Milliardengeschäft mit Cannabis

800.000 potentielle Patienten und ein potentielles Milliardengeschäft: Die Deutsche Welle berichtet von der ICBC Business Konferenz aus Berlin, wo sich das Fachpublikum über das Potential des deutschen Cannabismarkts informierte. Einschätzungen zur zukünftigen Entwicklung und zum nun veröffentlichten Lizenzvergabeverfahren gab es auch von DHV-Geschäftsführer Georg Wurth und DHV-Mitbegründer Dirk Rehahn.

Die Lizenzen sind begehrt, und nicht jeder Hobbygärtner oder Bauer, der gern eine hätte, erfüllt die Voraussetzungen. Denn die Kriterien sind streng, sagt Georg Wurth, der Geschäftsführer vom Deutschen Hanfverband: "Das Cannabis muss in einer hohen, gleichbleibenden pharmazeutischen Qualität ausgeliefert werden und das macht eine extreme Standardisierung nötig. Die Konzentration der Wirkstoffe THC und CBD darf nicht stark schwanken. Das können wirklich nur Superexperten. Und Outdoor ist unmöglich, auf dem Balkon oder auf dem Acker – keine Chance."

Gern hätte die Cannabisagentur Firmen mit Erfahrung im Hanfanbau. Doch woher soll die kommen? "Die Bundesregierung scheint deutschen Startups nicht zuzutrauen, dass sie die geforderte Qualität liefern können, in großen Mengen. Die sind nach Kanada gefahren und haben sich Firmen angeguckt", so Georg Wurth. Für die rund 1000 Deutschen, die bisher mit einer Ausnahmegenehmigung Cannabis beziehen, wird der Bedarf mit Importen aus den Niederlanden gedeckt.
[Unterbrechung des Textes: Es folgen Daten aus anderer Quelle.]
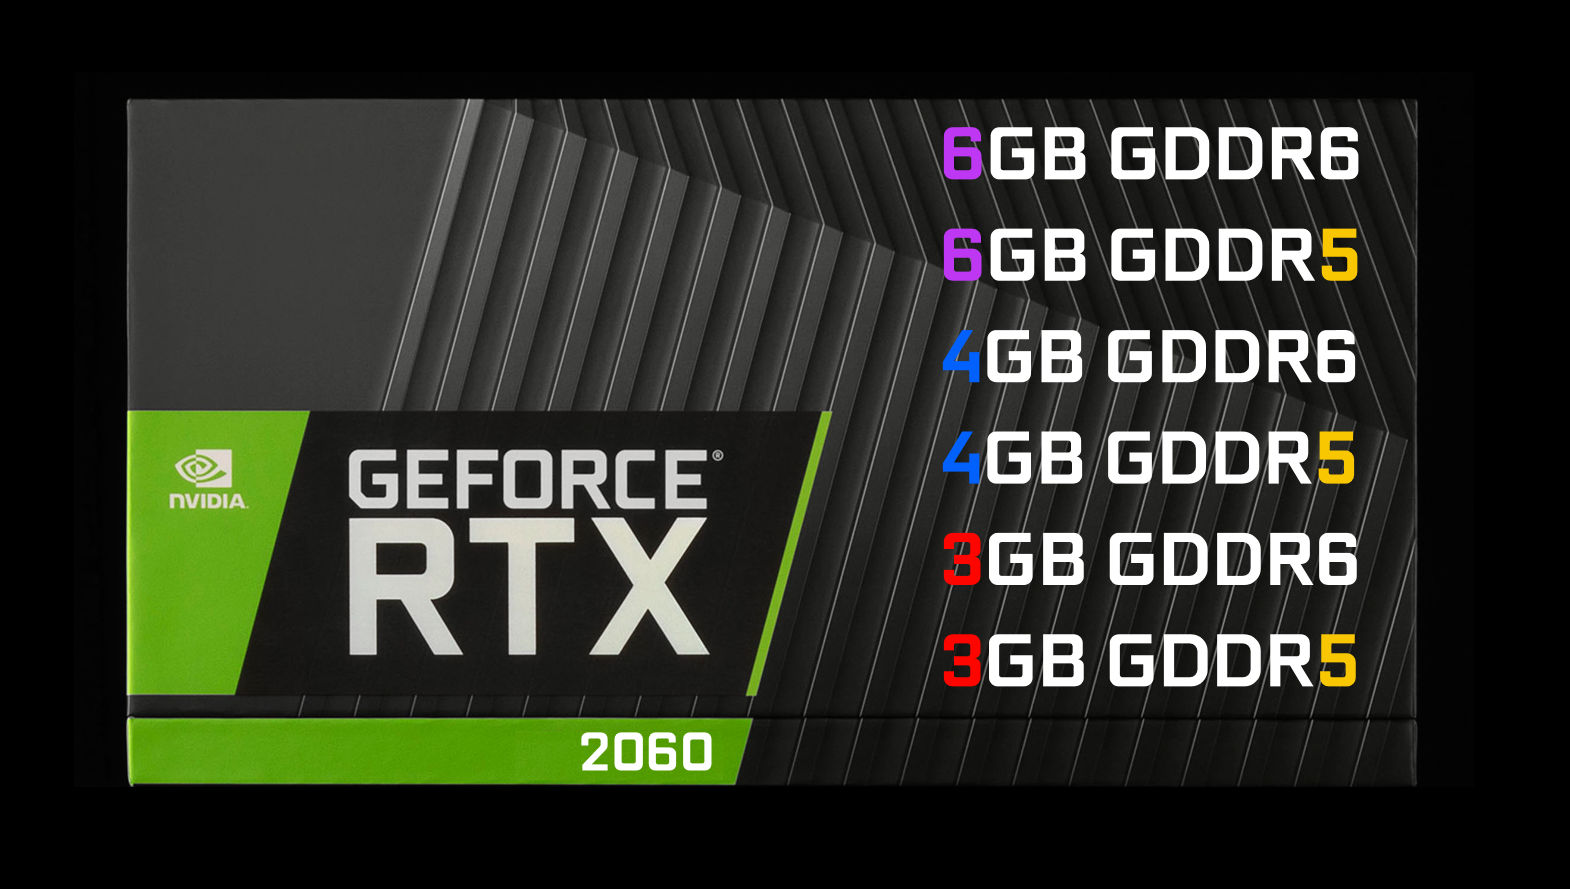 GIGABYTE submits GeForce RTX 2060 6GB

Wieviel in Zukunft benötigt wird, ist noch unklar. Der Hanfverband erwartet einen massiven Anstieg der Therapiezahlen. "Von 500.000 bis hin zu einer Million Schmerzpatienten könnten in Zukunft mit Cannabis behandelt werden", schätzt auch Dirk Rehahn, Geschäftsführer einer Firma für Gewächshaustechnik.

"Es gibt keine Vorgaben dazu, wie Cannabis von den Patienten konsumiert werden soll. Es gibt welche, die sich klassische Tüten bauen mit Tabak, aber das ist nicht empfehlenswert, denn es belastet die Atemwege", so Georg Wurth.

Und selbst als Genussmittel könnte Cannabis letzten Endes legalisiert werden. "Das wäre dann natürlich nochmal ein Riesenmarkt. Aber warum soll man ihn den Kriminellen überlassen?" fragt sich der Chef des Hanfverbandes. "Wäre es nicht besser, man könnte ihn regulieren und so auch den Jugendschutz gewährleisten?" Doch bis es soweit ist, bleit Cannabis erst einmal eine Medizin.